▸ **Data section**:
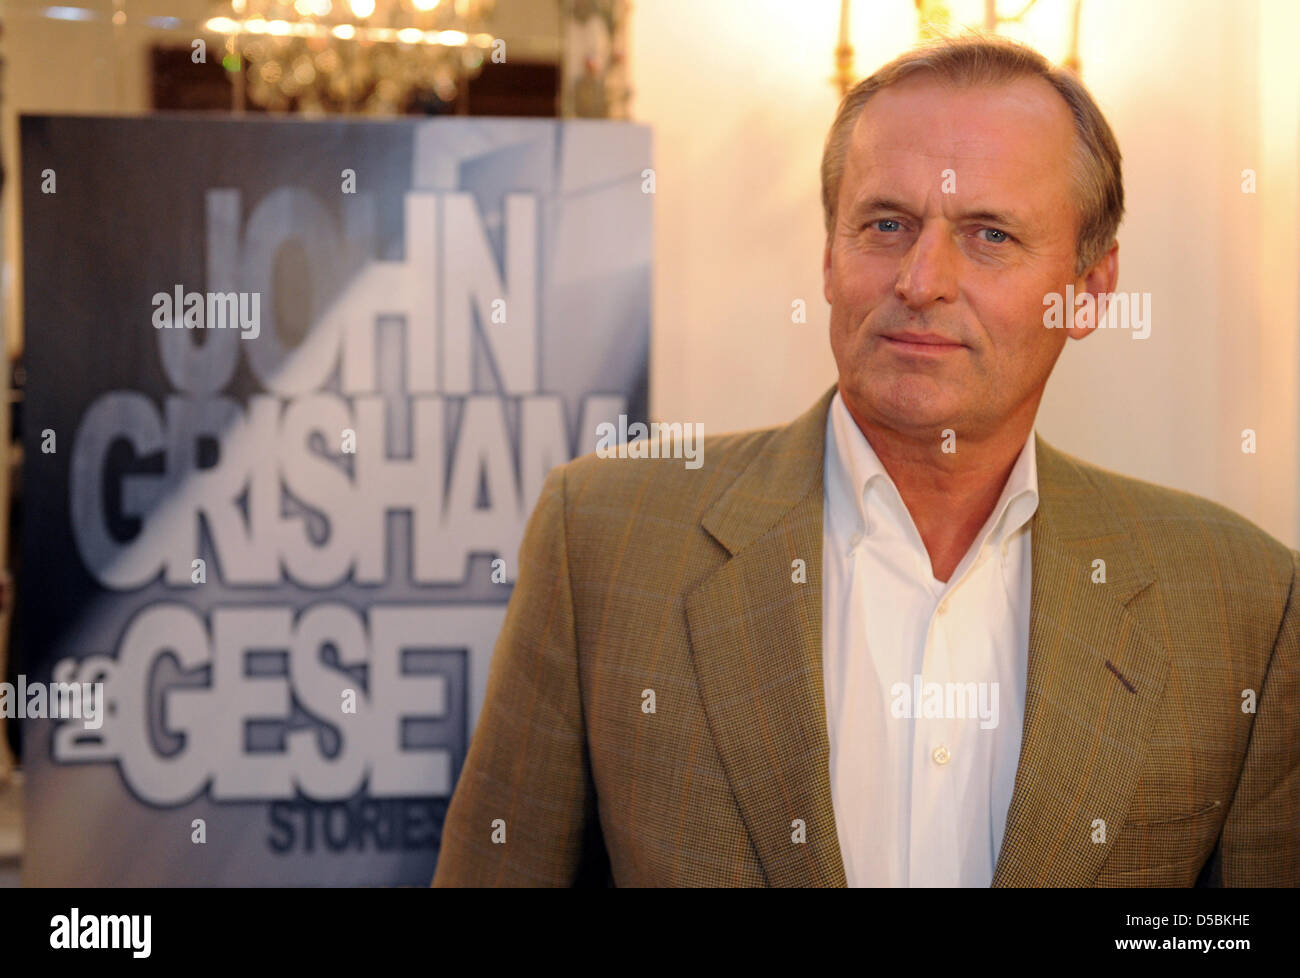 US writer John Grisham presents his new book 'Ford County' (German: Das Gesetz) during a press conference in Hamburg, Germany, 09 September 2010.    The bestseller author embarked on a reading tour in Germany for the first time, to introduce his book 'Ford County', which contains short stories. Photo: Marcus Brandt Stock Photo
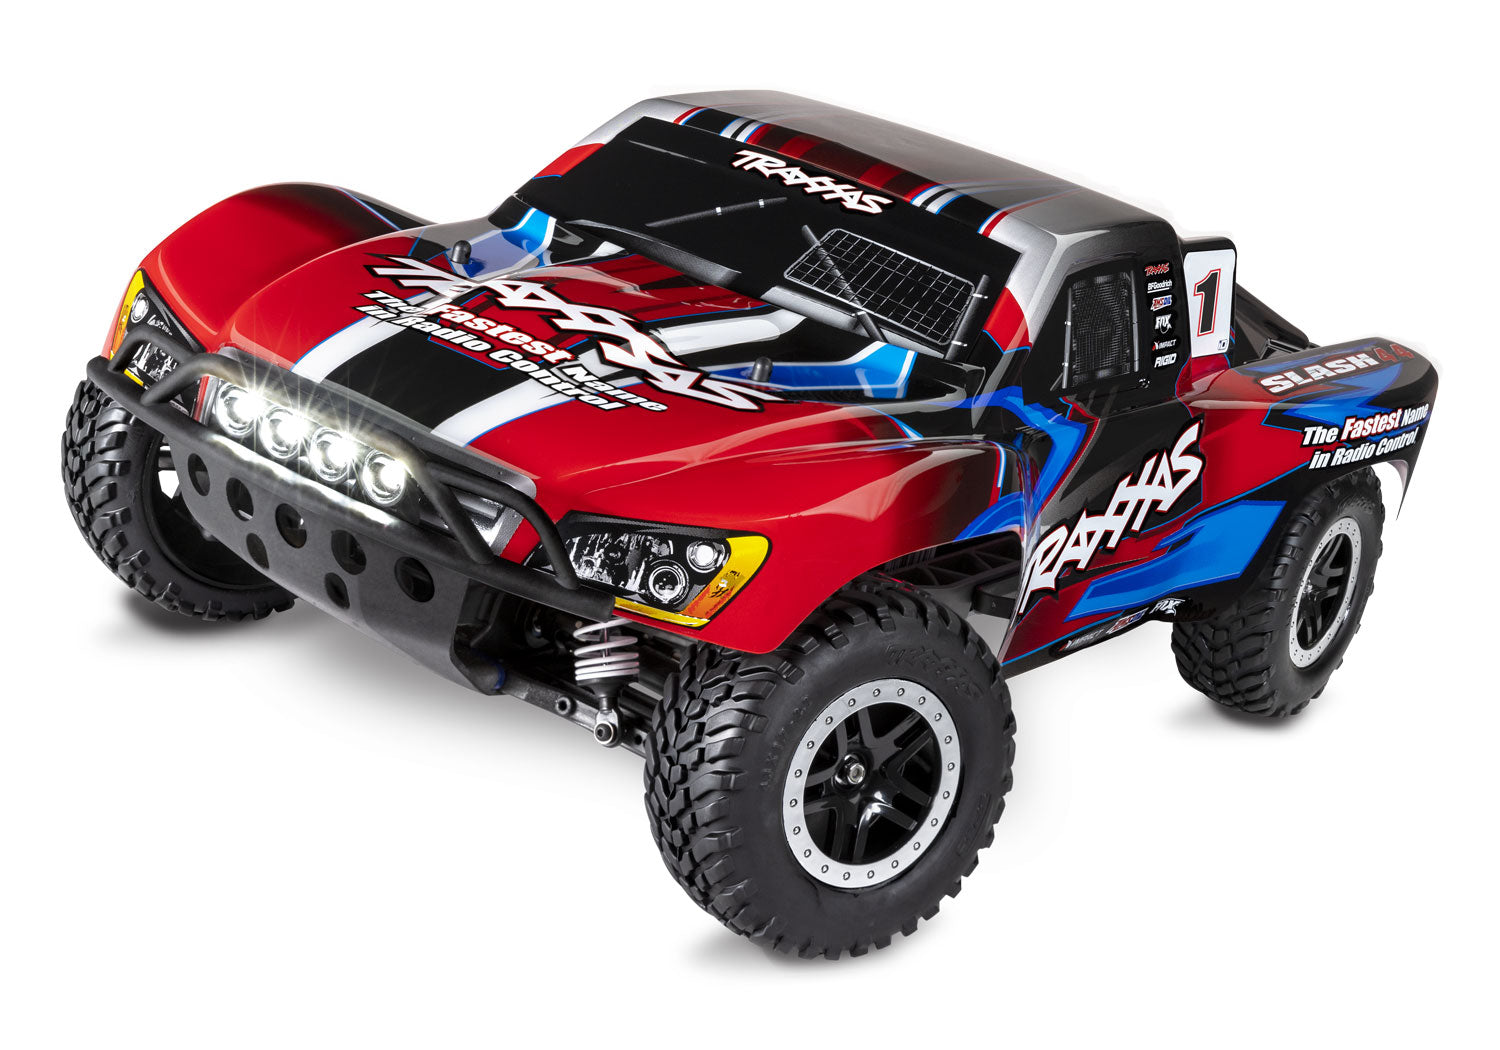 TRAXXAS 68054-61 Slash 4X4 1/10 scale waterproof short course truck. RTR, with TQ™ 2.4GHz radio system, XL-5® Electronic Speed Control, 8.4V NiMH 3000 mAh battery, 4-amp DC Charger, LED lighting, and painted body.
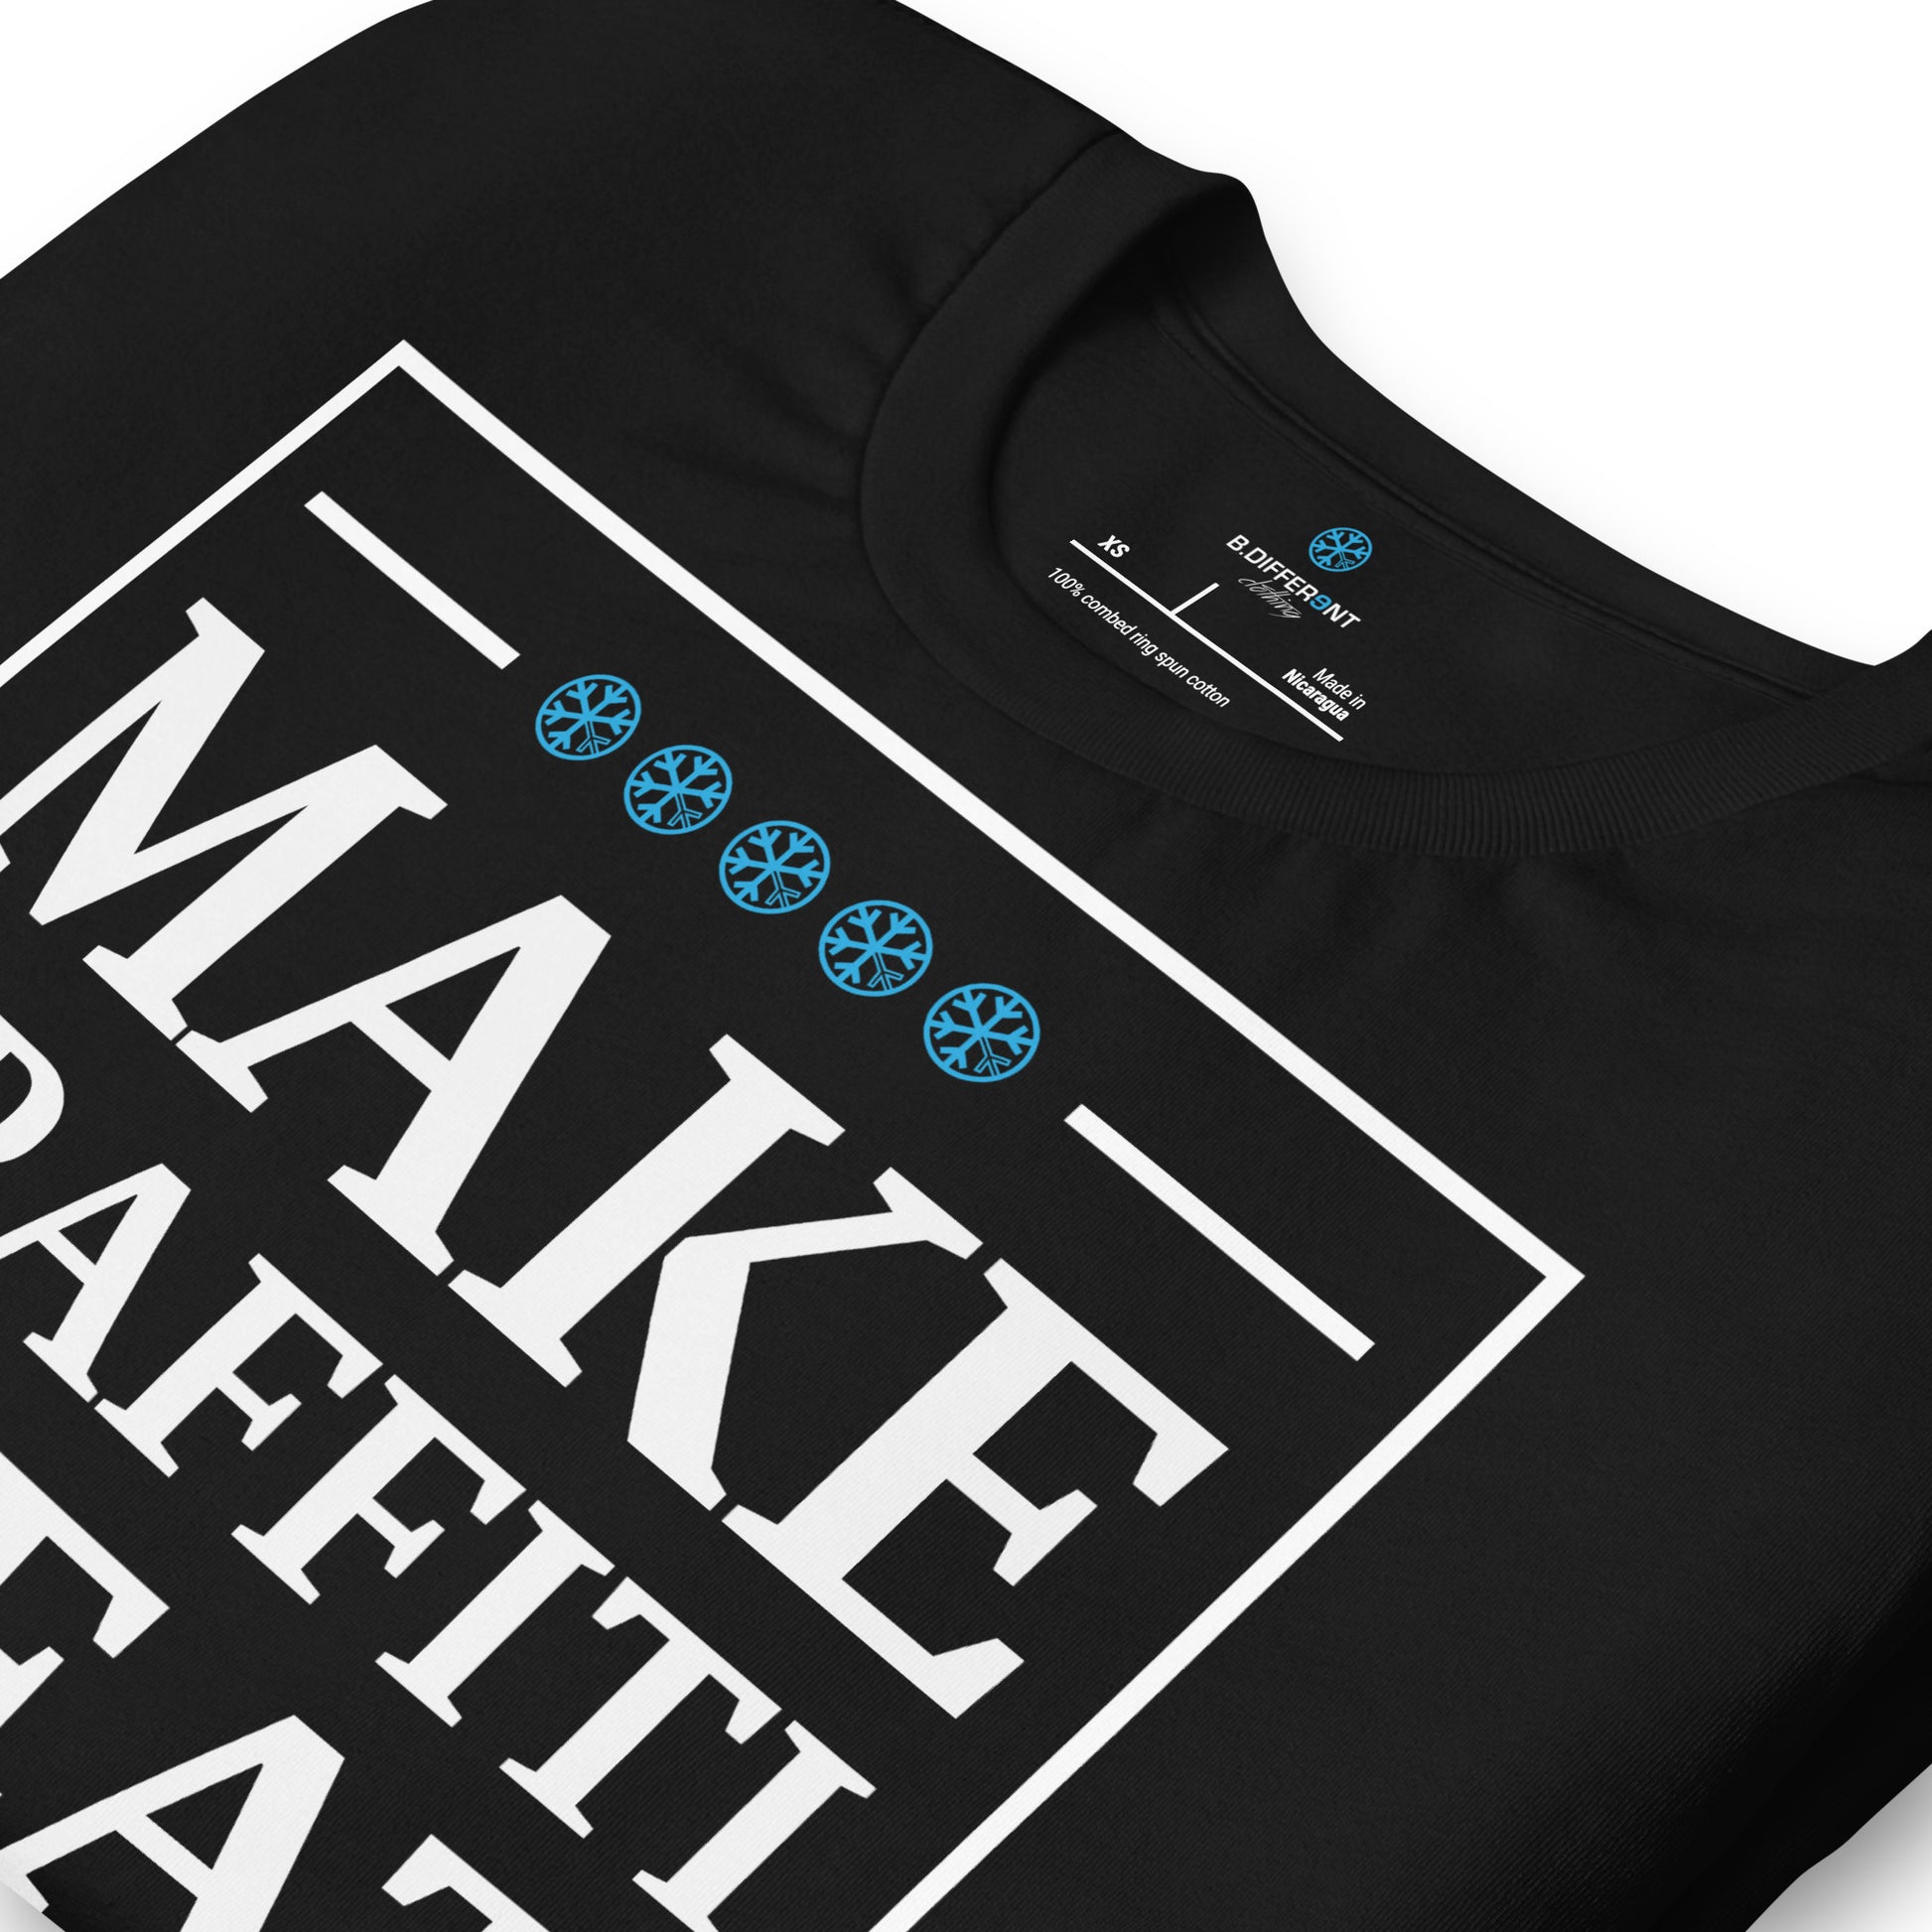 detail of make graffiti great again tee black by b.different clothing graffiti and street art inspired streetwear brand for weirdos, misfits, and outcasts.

▸ **Your objective**:
Everything in the material must be duplicated exactly, except the pictures.

▸ **Output for this exercise**:
 US writer John Grisham presents his new book 'Ford County' (German: Das Gesetz) during a press conference in Hamburg, Germany, 09 September 2010.    The bestseller author embarked on a reading tour in Germany for the first time, to introduce his book 'Ford County', which contains short stories. Photo: Marcus Brandt Stock Photo
 TRAXXAS 68054-61 Slash 4X4 1/10 scale waterproof short course truck. RTR, with TQ™ 2.4GHz radio system, XL-5® Electronic Speed Control, 8.4V NiMH 3000 mAh battery, 4-amp DC Charger, LED lighting, and painted body.
 detail of make graffiti great again tee black by b.different clothing graffiti and street art inspired streetwear brand for weirdos, misfits, and outcasts.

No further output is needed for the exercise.